Superamento della Distinzione tra Occupazione
Un punto fondamentale da chiarire è che, nell'attuale panorama giurisprudenziale, è stato superato il tradizionale distinguo tra occupazione acquisitiva (o appropriativa) e occupazione usurpativa.
- L'occupazione appropriativa, di creazione giurisprudenziale, si verificava quando l'Ente, dopo un'iniziale occupazione legittima (magari in vista di un'espropriazione), trasformava il fondo per un'opera pubblica senza emettere il decreto di esproprio nei termini, comportando comunque l'acquisizione della proprietà da parte della P.A., fermo restando l'obbligo dell'autorità pubblica di risarcire il danno cagionato al privato spossessato, da commisurarsi in base al valore del bene.

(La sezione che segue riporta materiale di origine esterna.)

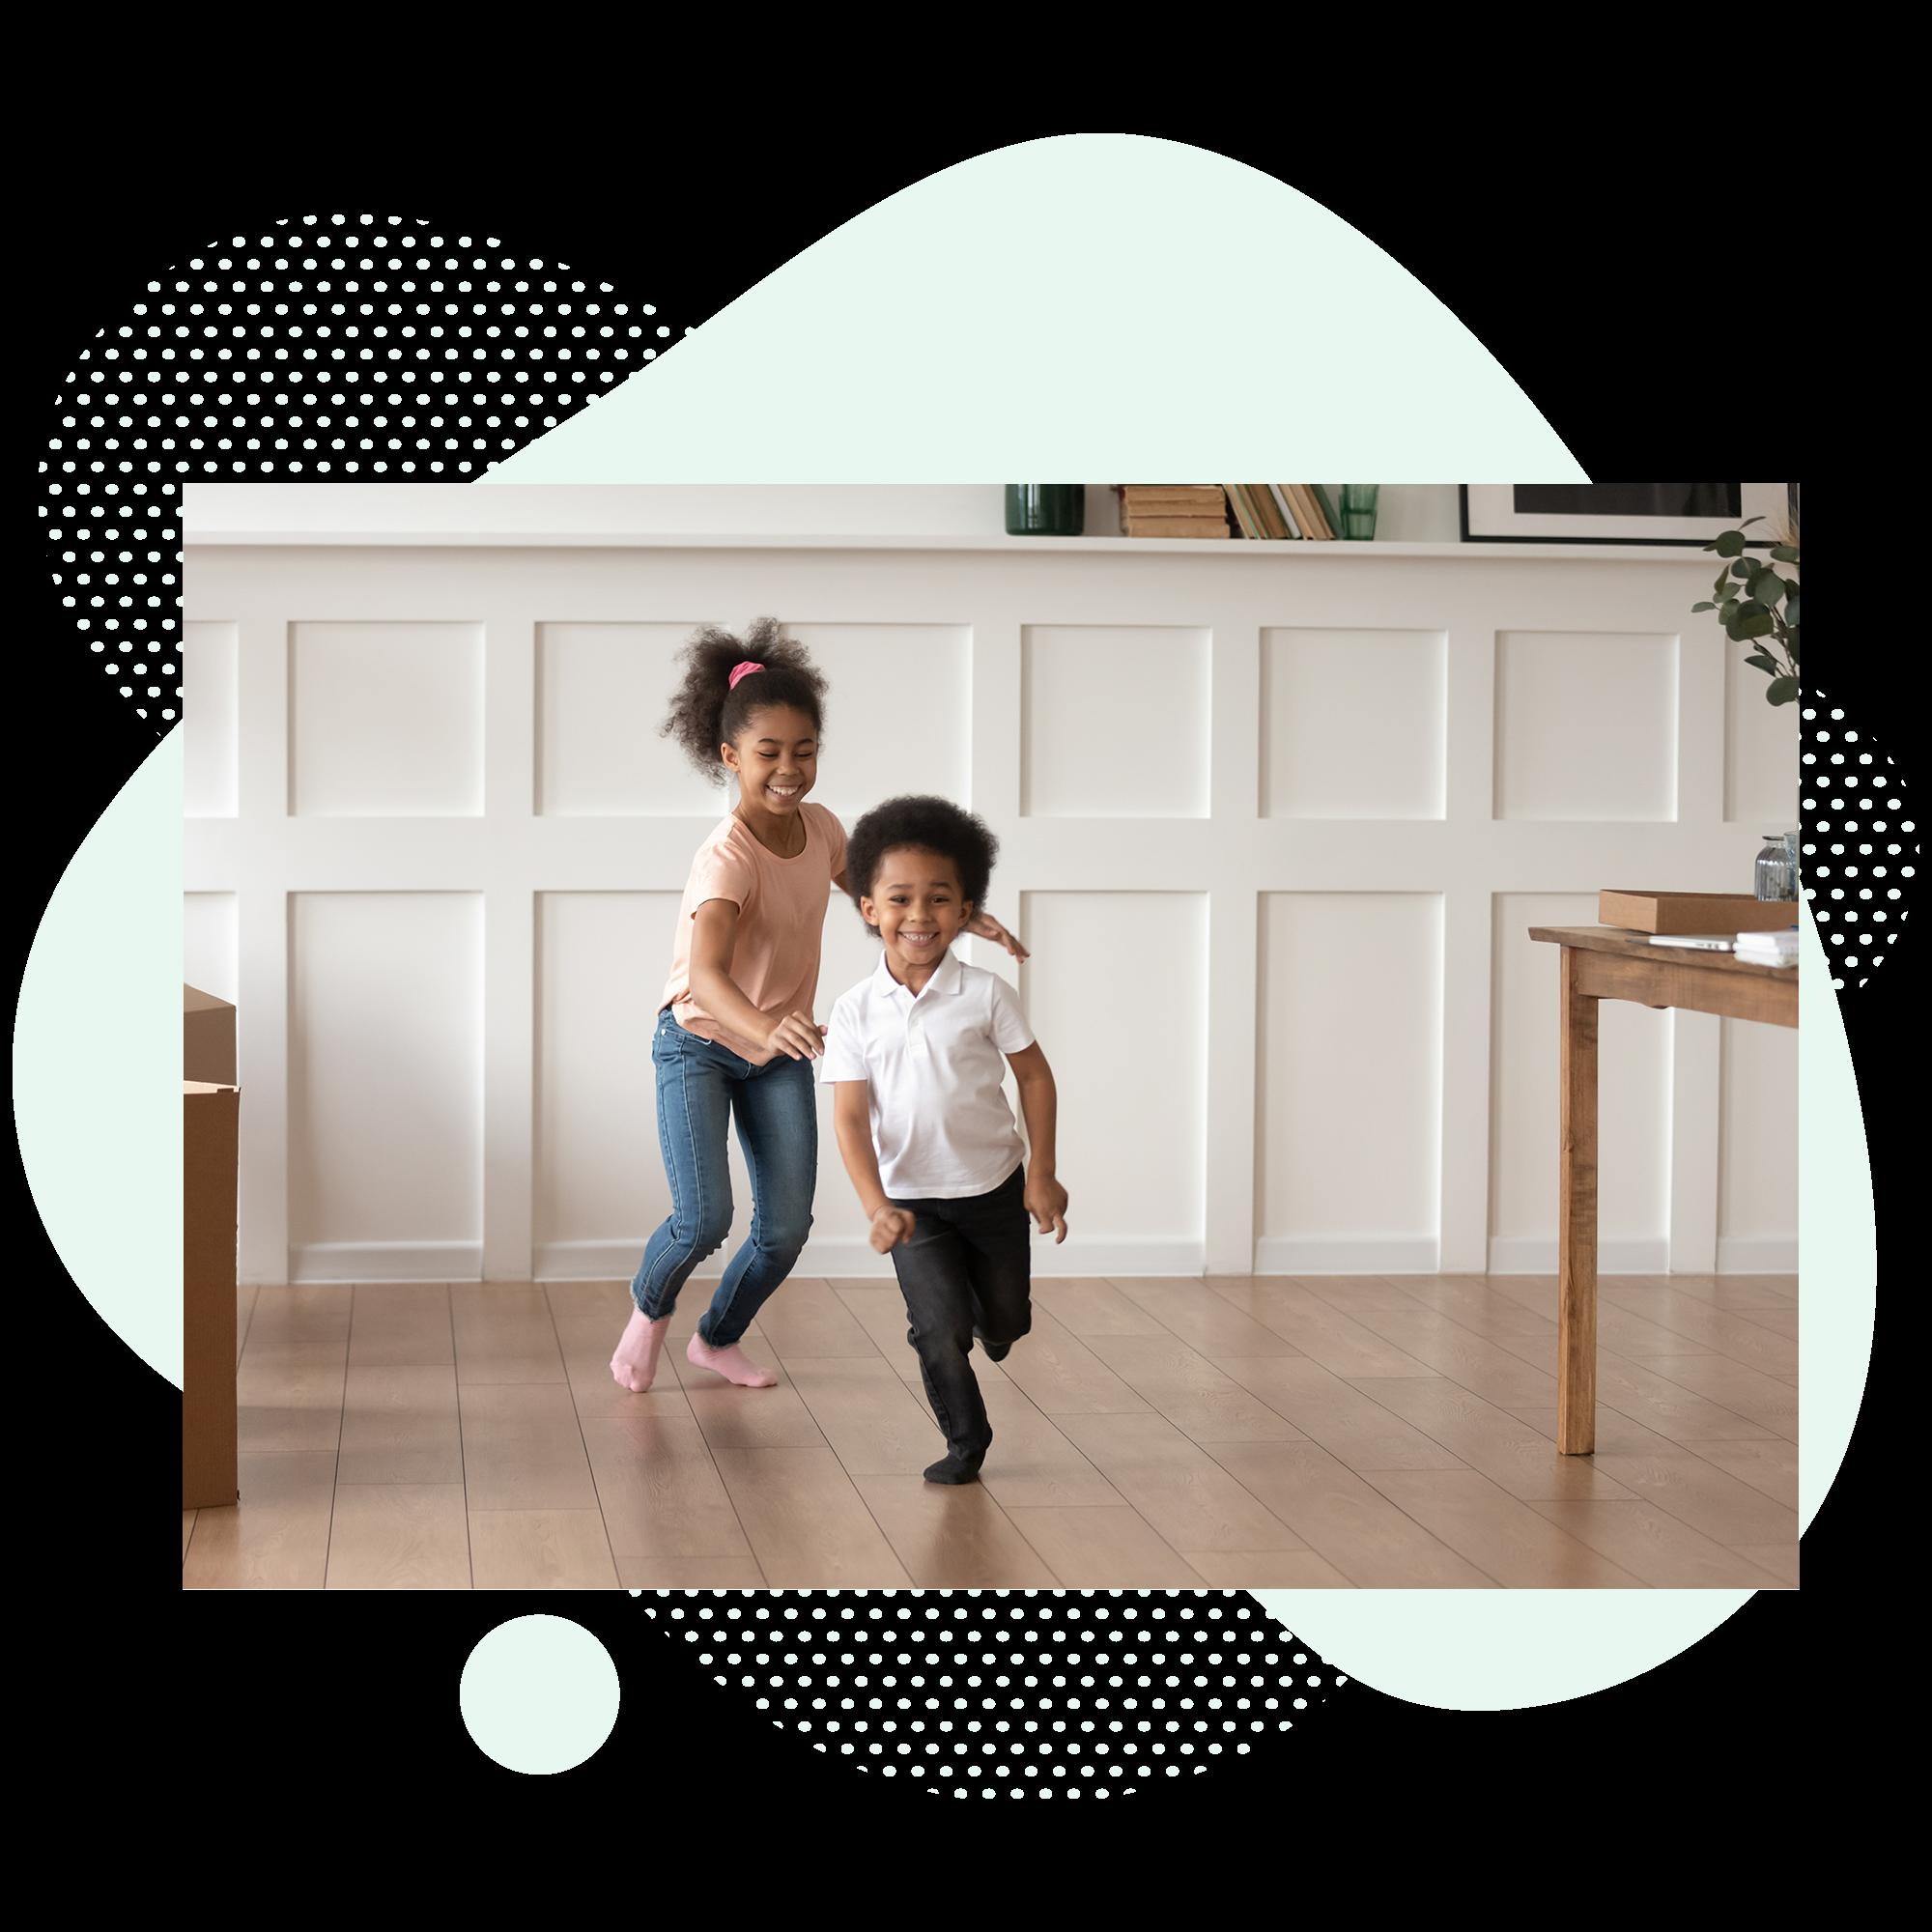 Two kids running down a hallway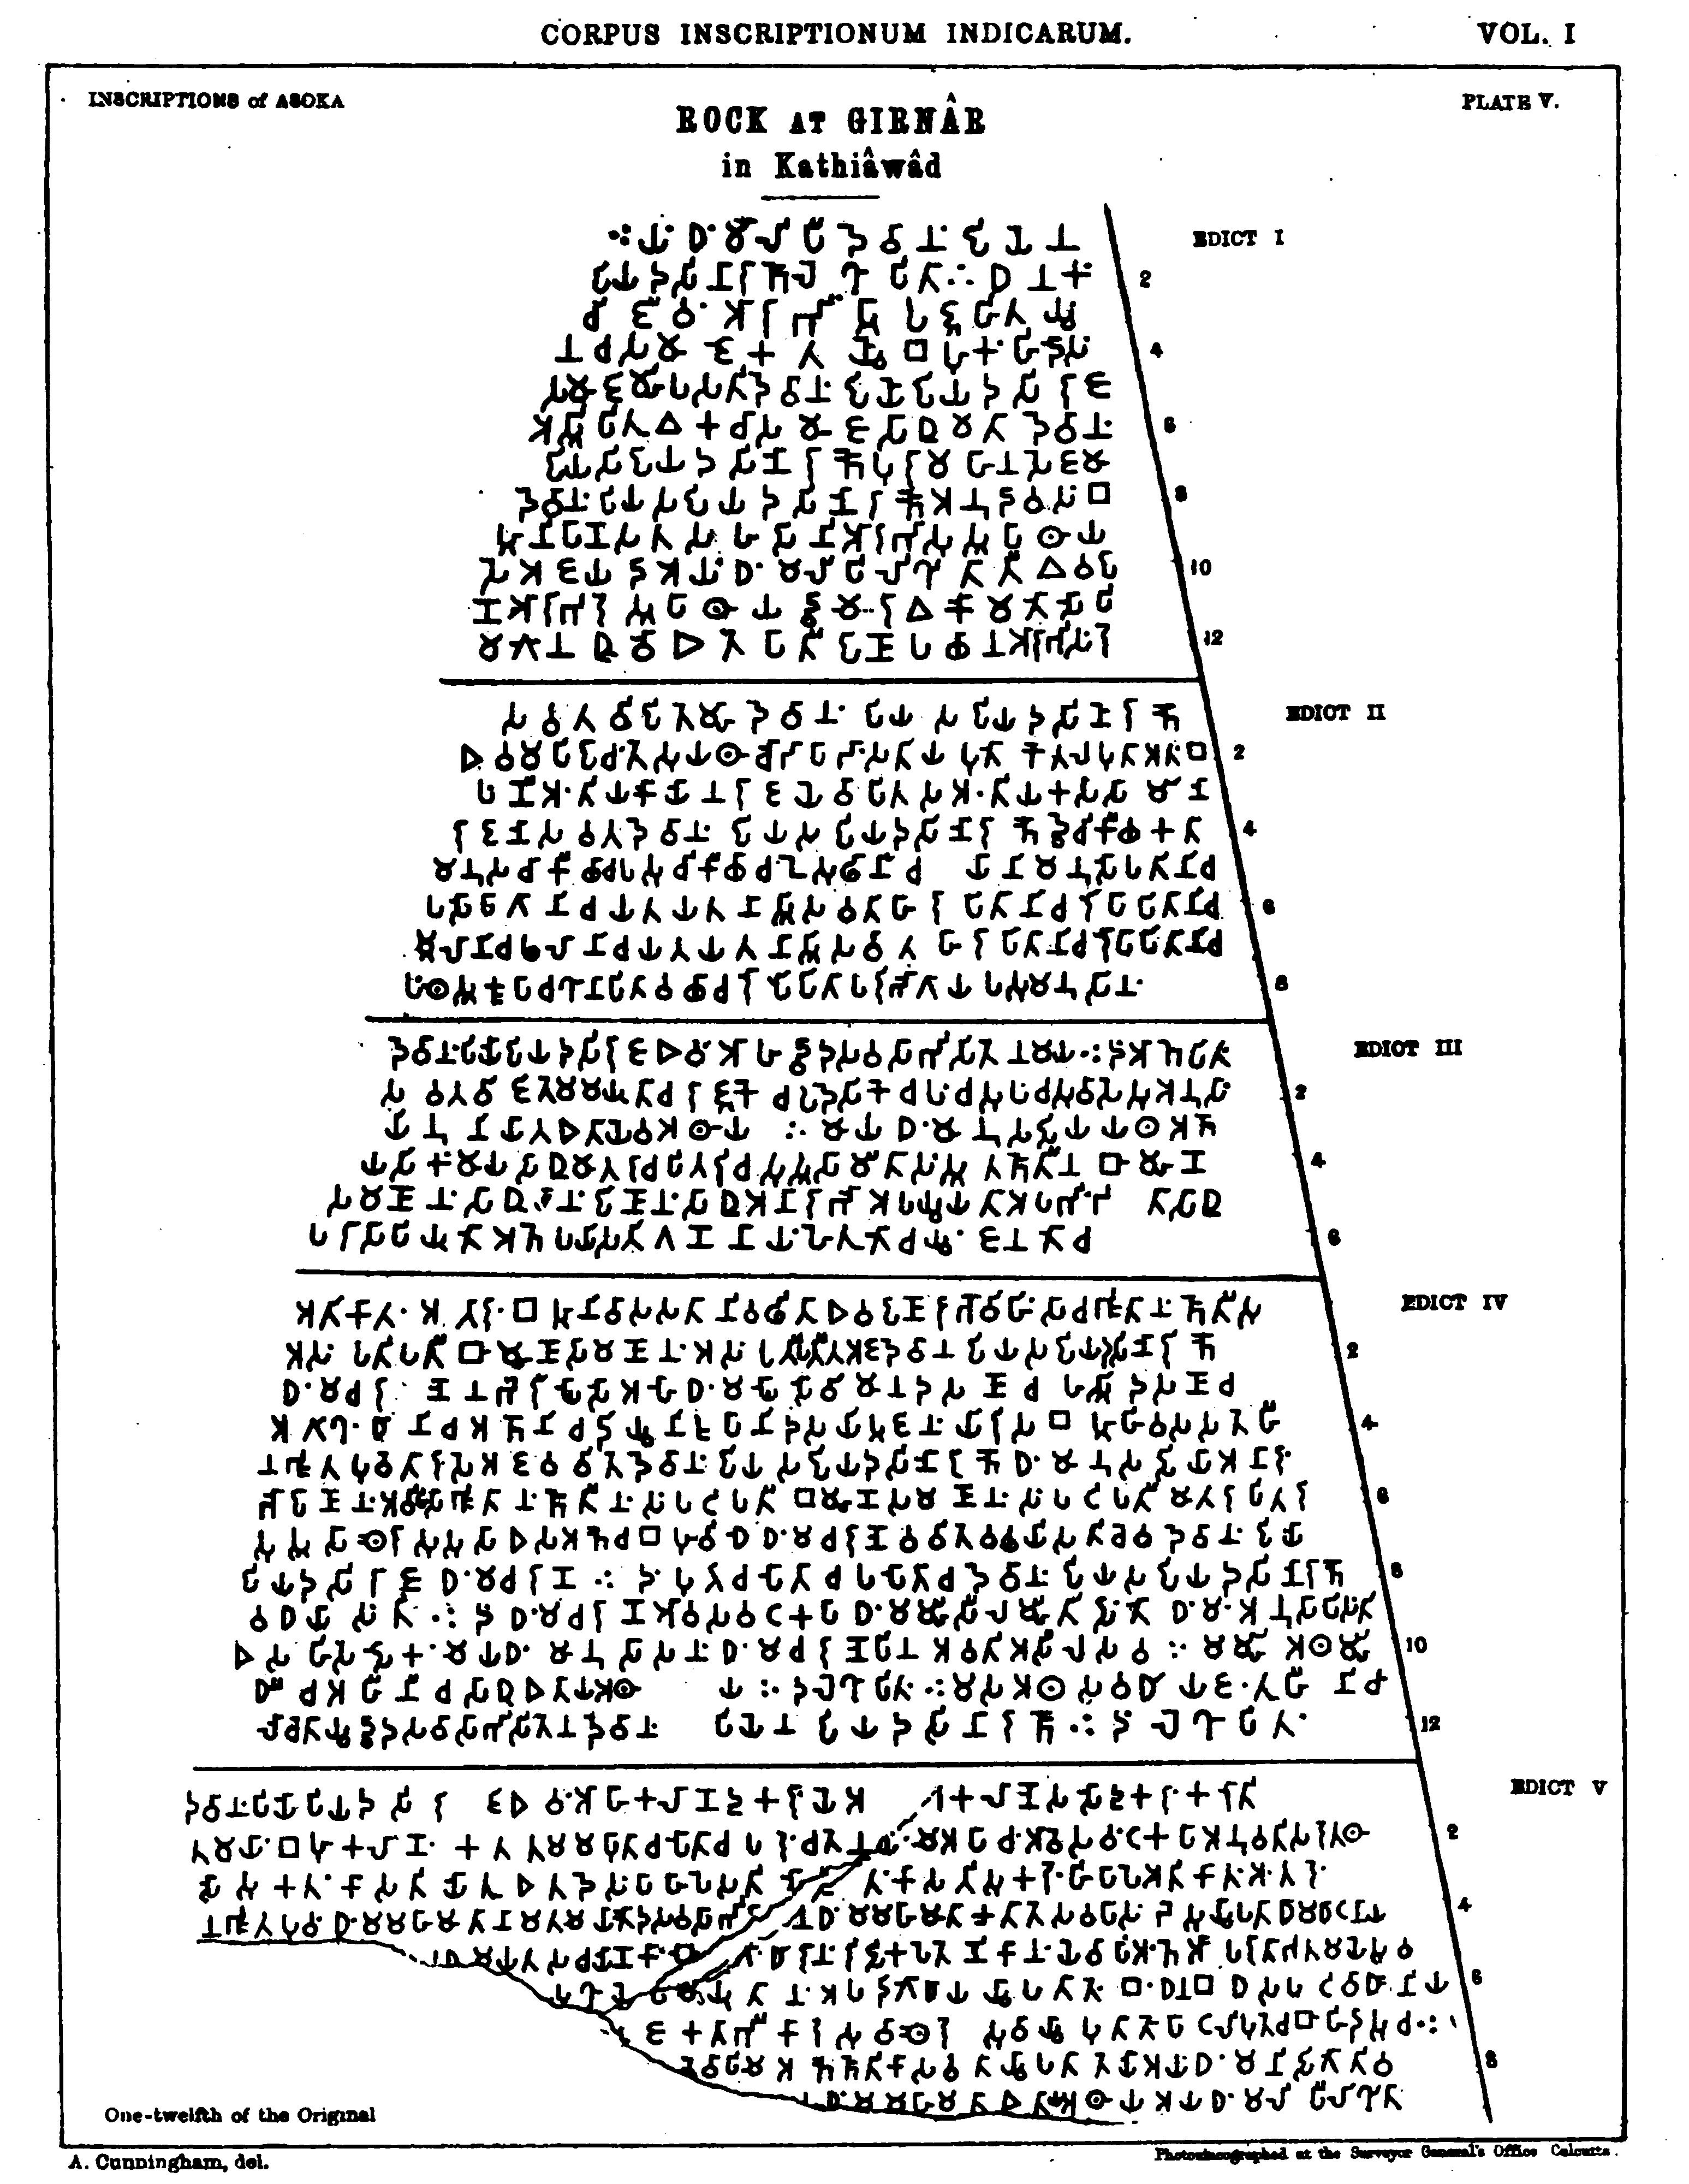 edicts of ashoka Edicts of ashoka 0 references commons category edicts of ashoka 1 reference imported from wikimedia project german wikipedia topic's main category.

- L'occupazione usurpativa, diversamente, si aveva in assenza di qualsiasi dichiarazione di pubblica utilità o provvedimento amministrativo e, aspetto essenziale, non comportava l'acquisizione della proprietà da parte della P.A., che pertanto restava esposta alla richiesta di restituzione del bene occupato, oltre che al risarcimento del danno che la condotta illecita avesse prodotto. A differenza della forma appropriativa, si caratterizzava, dunque, come un'occupazione illegittima fin dal principio, configurante un comportamento privo di qualsivoglia base legale e alla quale veniva riconosciuta natura di illecito permanente.
Oggi, alla luce del contributo offerto dalla giurisprudenza della CEDU ogni forma di occupazione illegittima di un fondo privato da parte della Pubblica Amministrazione è considerata un illecito di natura permanente. Ciò significa che l'Ente, a prescindere dalle modalità con cui si sia immesso nel bene sottraendone la disponibilità al legittimo proprietario, non può acquisire automaticamente la proprietà del bene per effetto della trasformazione o dell'irreversibile destinazione ad uso pubblico. Il diritto di proprietà resta infatti in capo al privato fino a quando non intervenga un atto formale di acquisizione e, sino a tale momento, può agire per far cessare il comportamento illegittimo perpetrato nei suoi confronti.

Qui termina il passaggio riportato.